Exact copy, no pictures: return only the lines below from the line with "Gouache Flowers example image 7" up to and including the line with "Lacoste Orelle URW".

-- Listed entries follows --

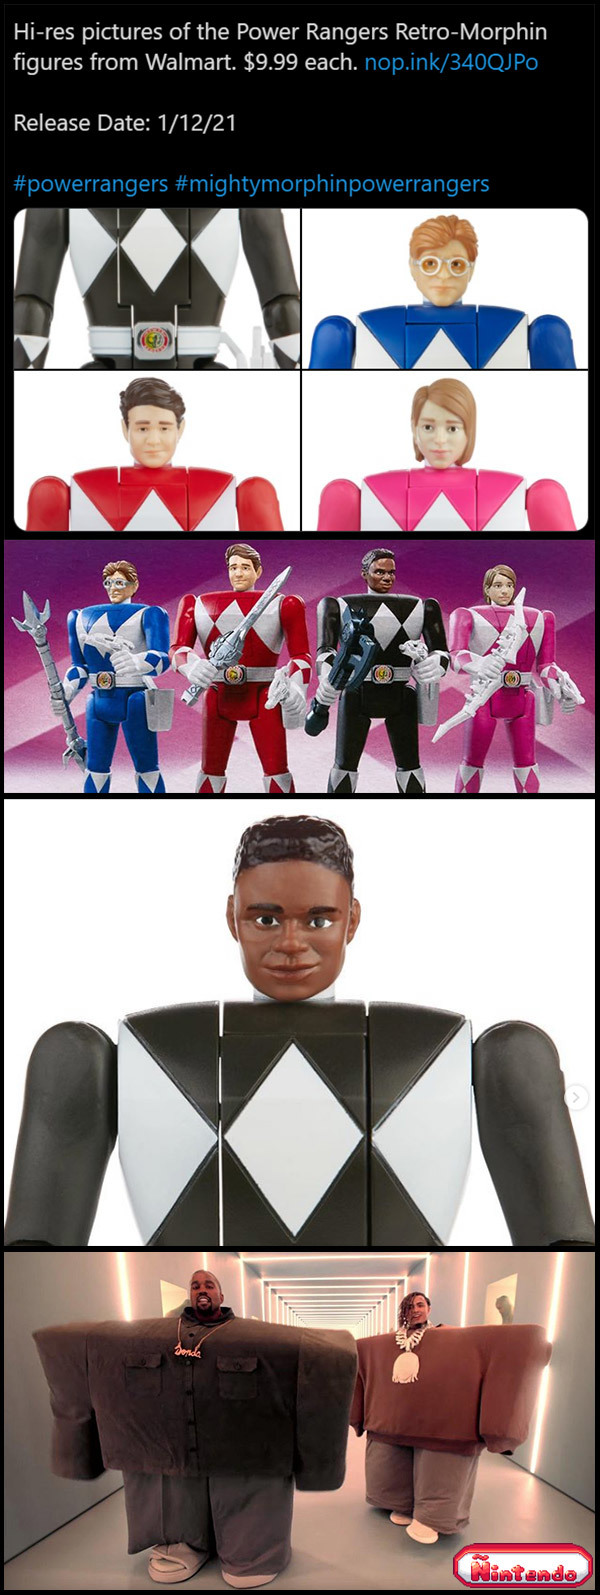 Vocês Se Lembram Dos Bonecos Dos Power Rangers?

-- Listed entries concluded --
-- Listed entries follows --

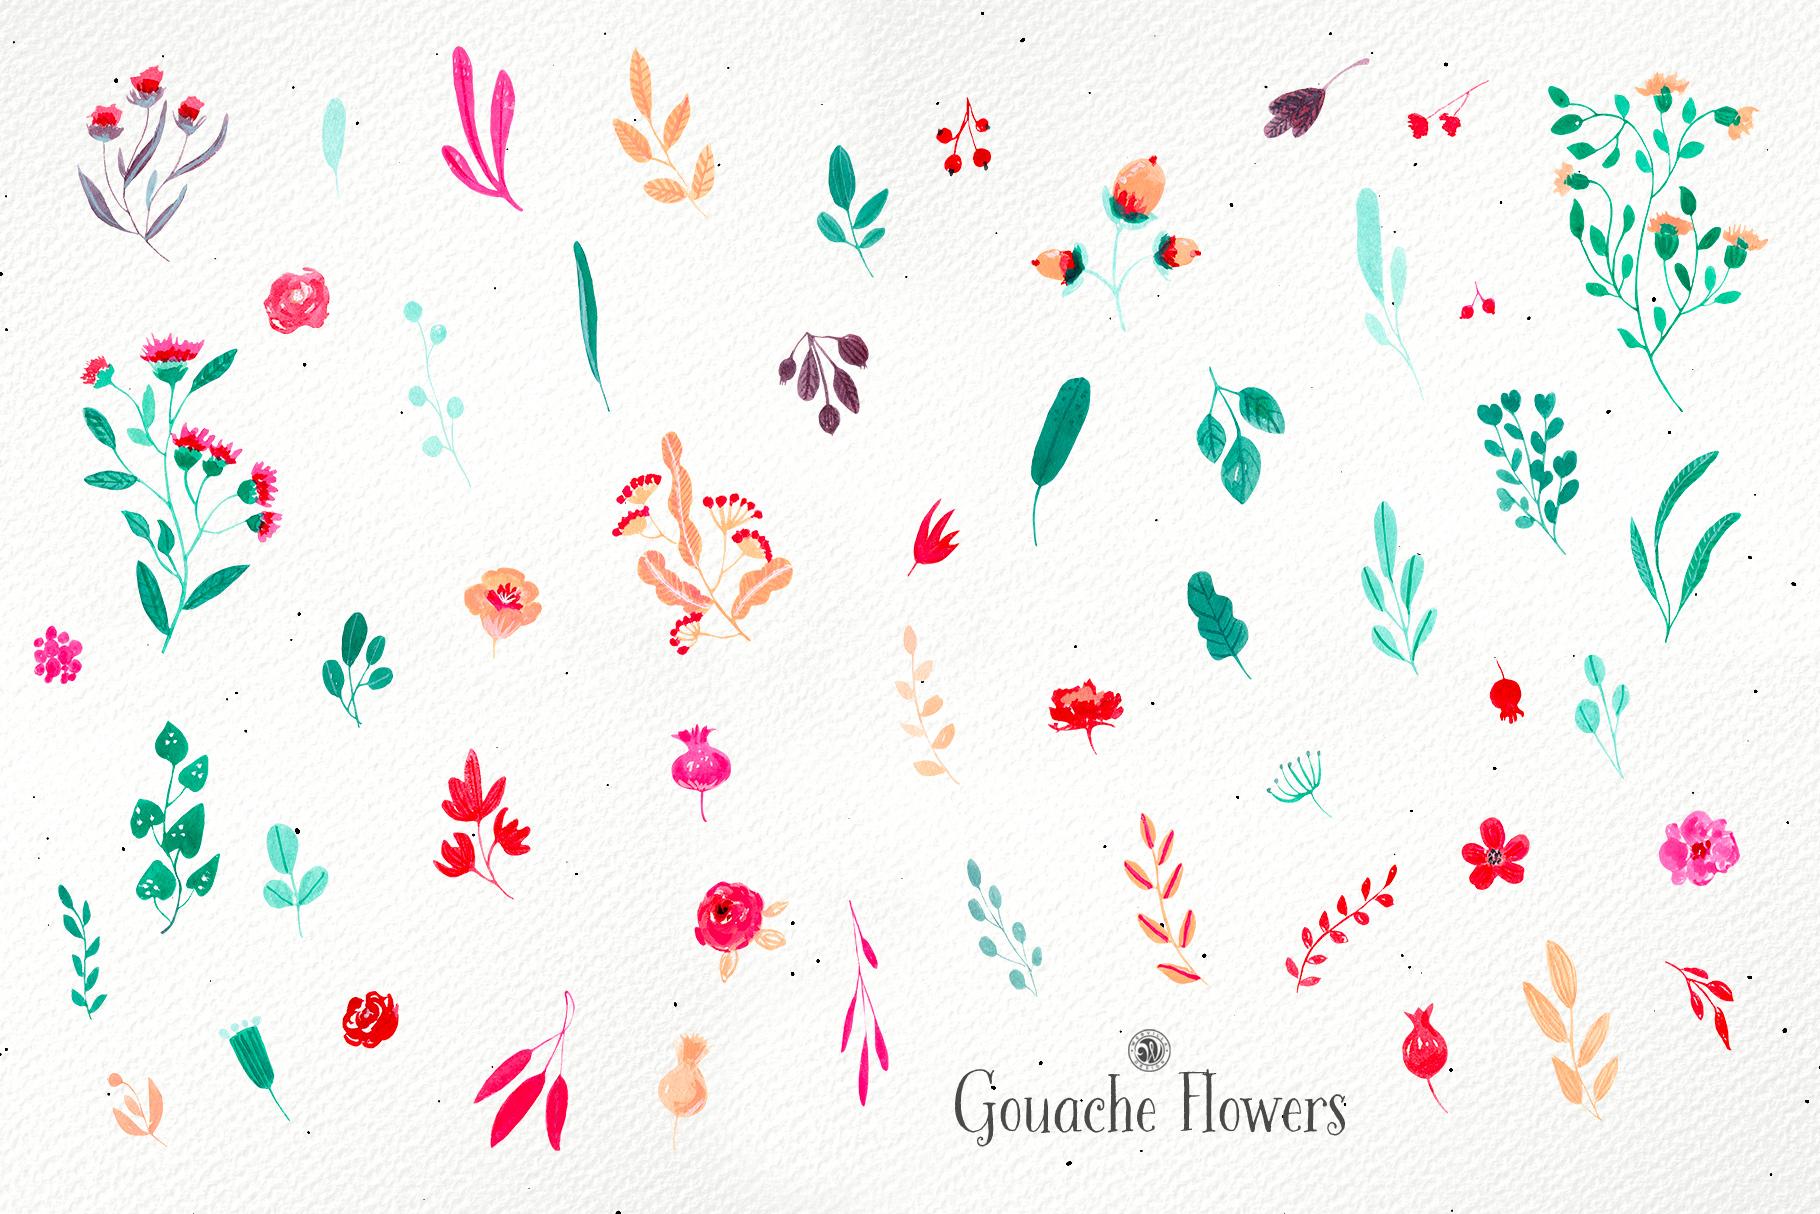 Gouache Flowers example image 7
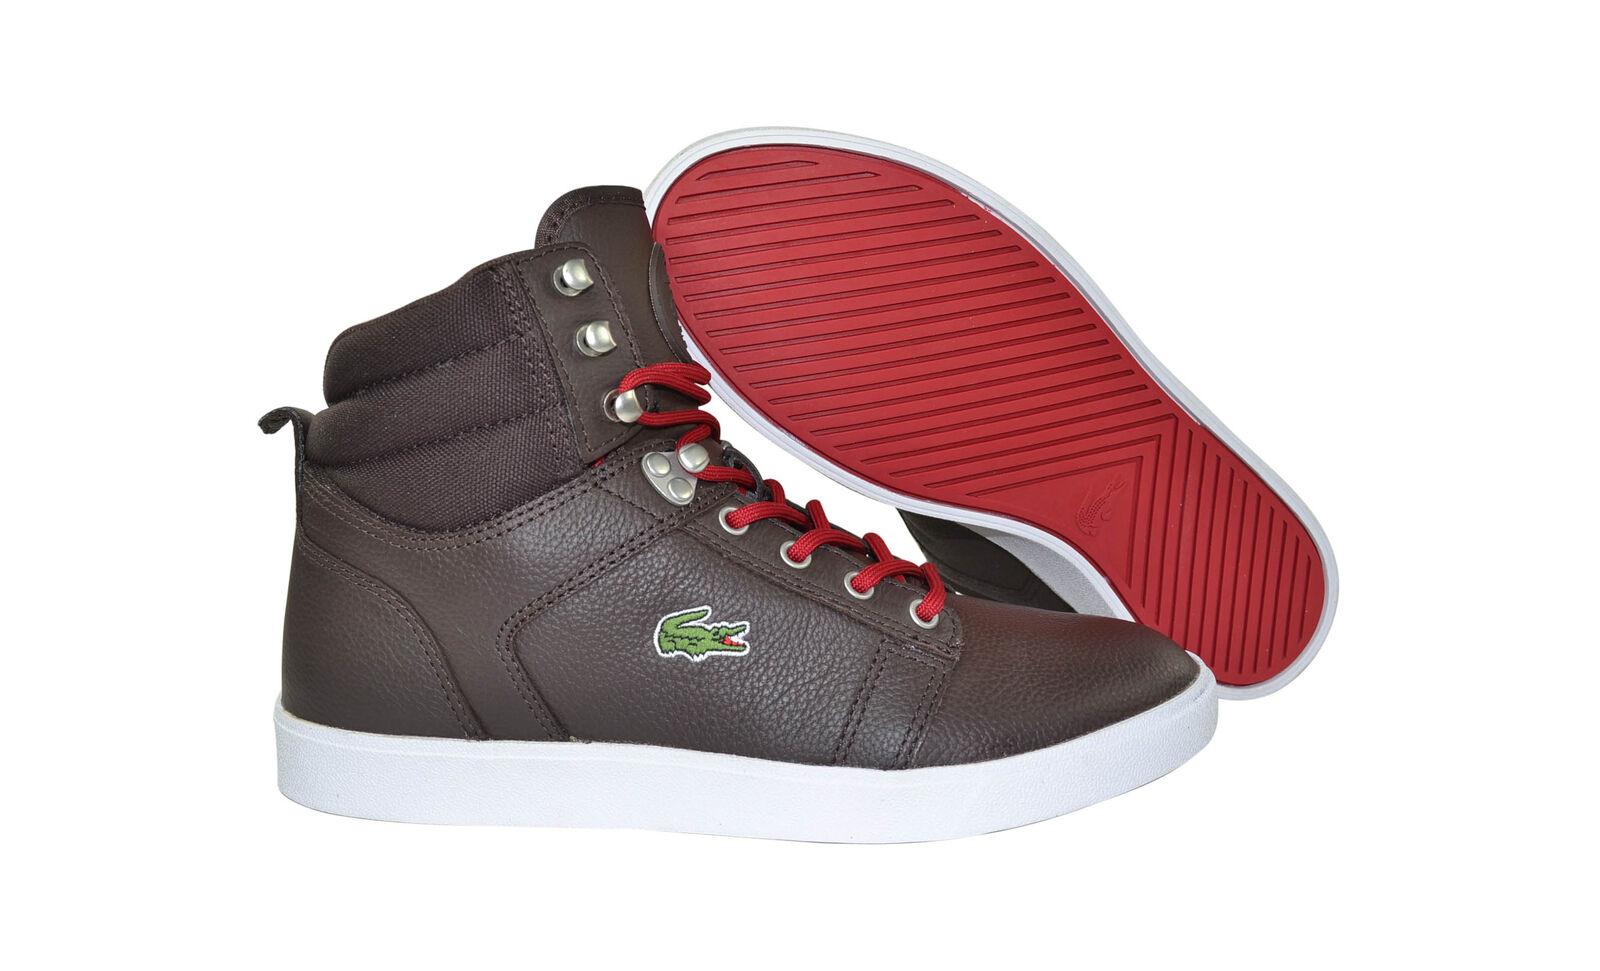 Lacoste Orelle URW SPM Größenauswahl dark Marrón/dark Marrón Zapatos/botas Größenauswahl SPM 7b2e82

-- Listed entries concluded --
-- Listed entries follows --

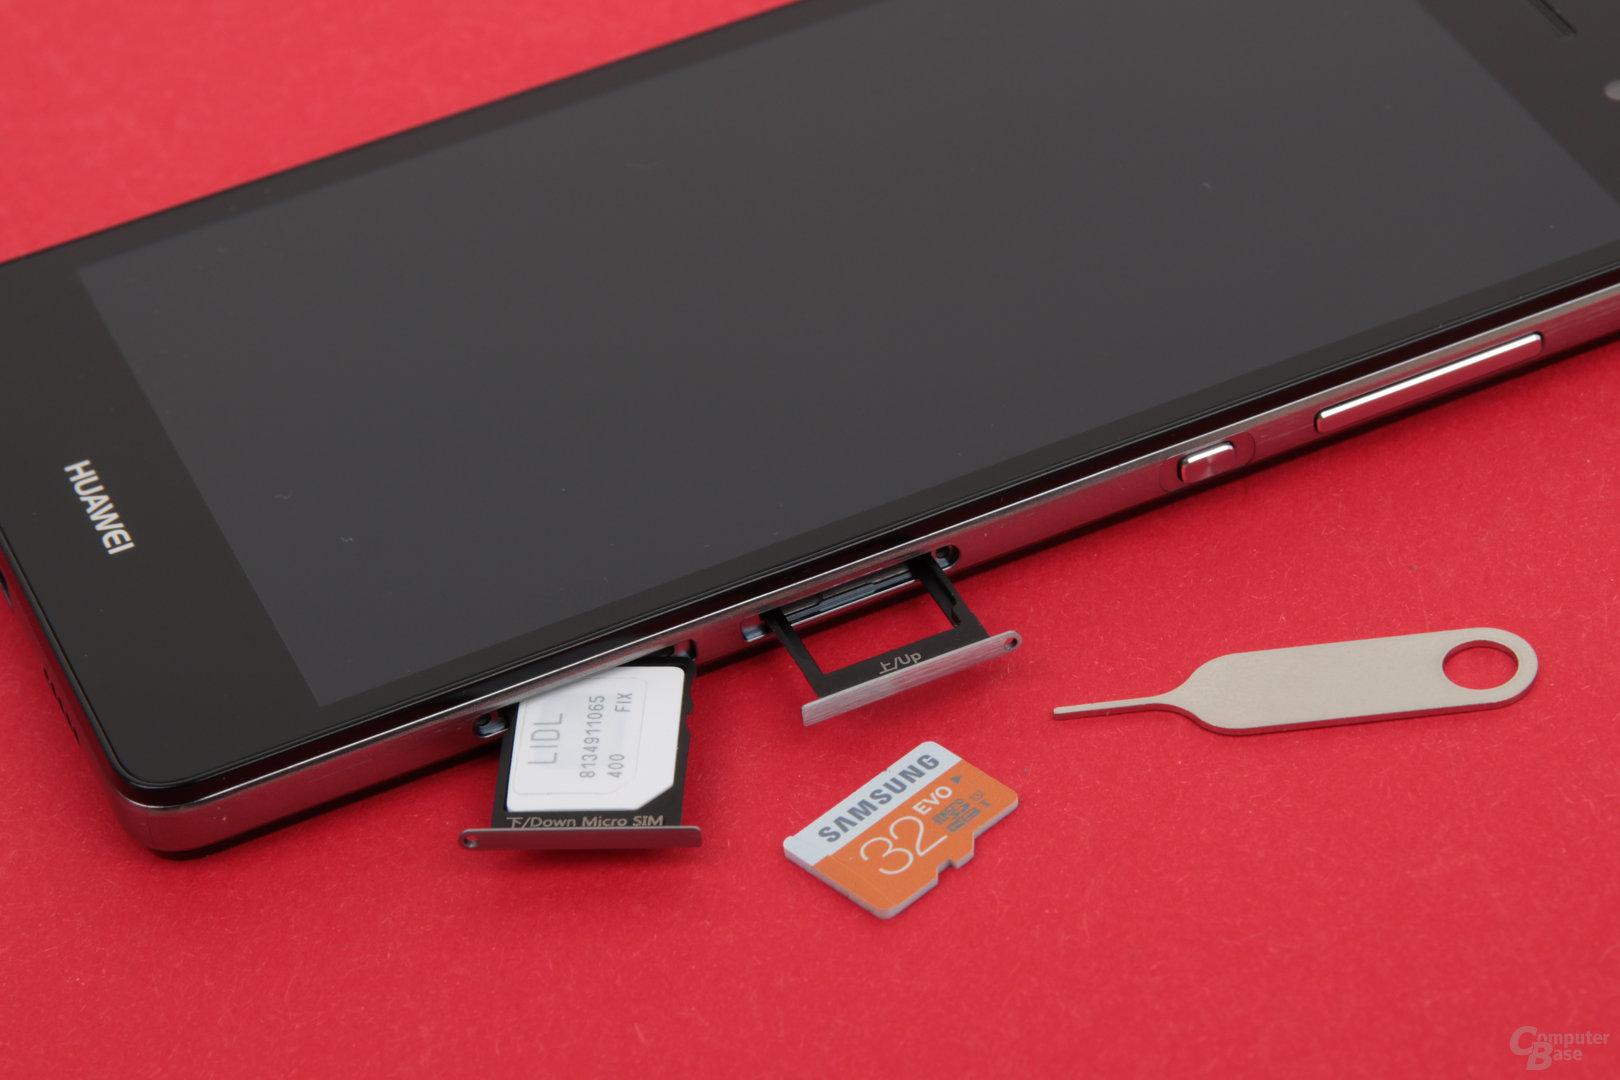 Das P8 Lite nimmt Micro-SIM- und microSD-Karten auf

-- Listed entries concluded --

Finished exercise
 Gouache Flowers example image 7
 Lacoste Orelle URW SPM Größenauswahl dark Marrón/dark Marrón Zapatos/botas Größenauswahl SPM 7b2e82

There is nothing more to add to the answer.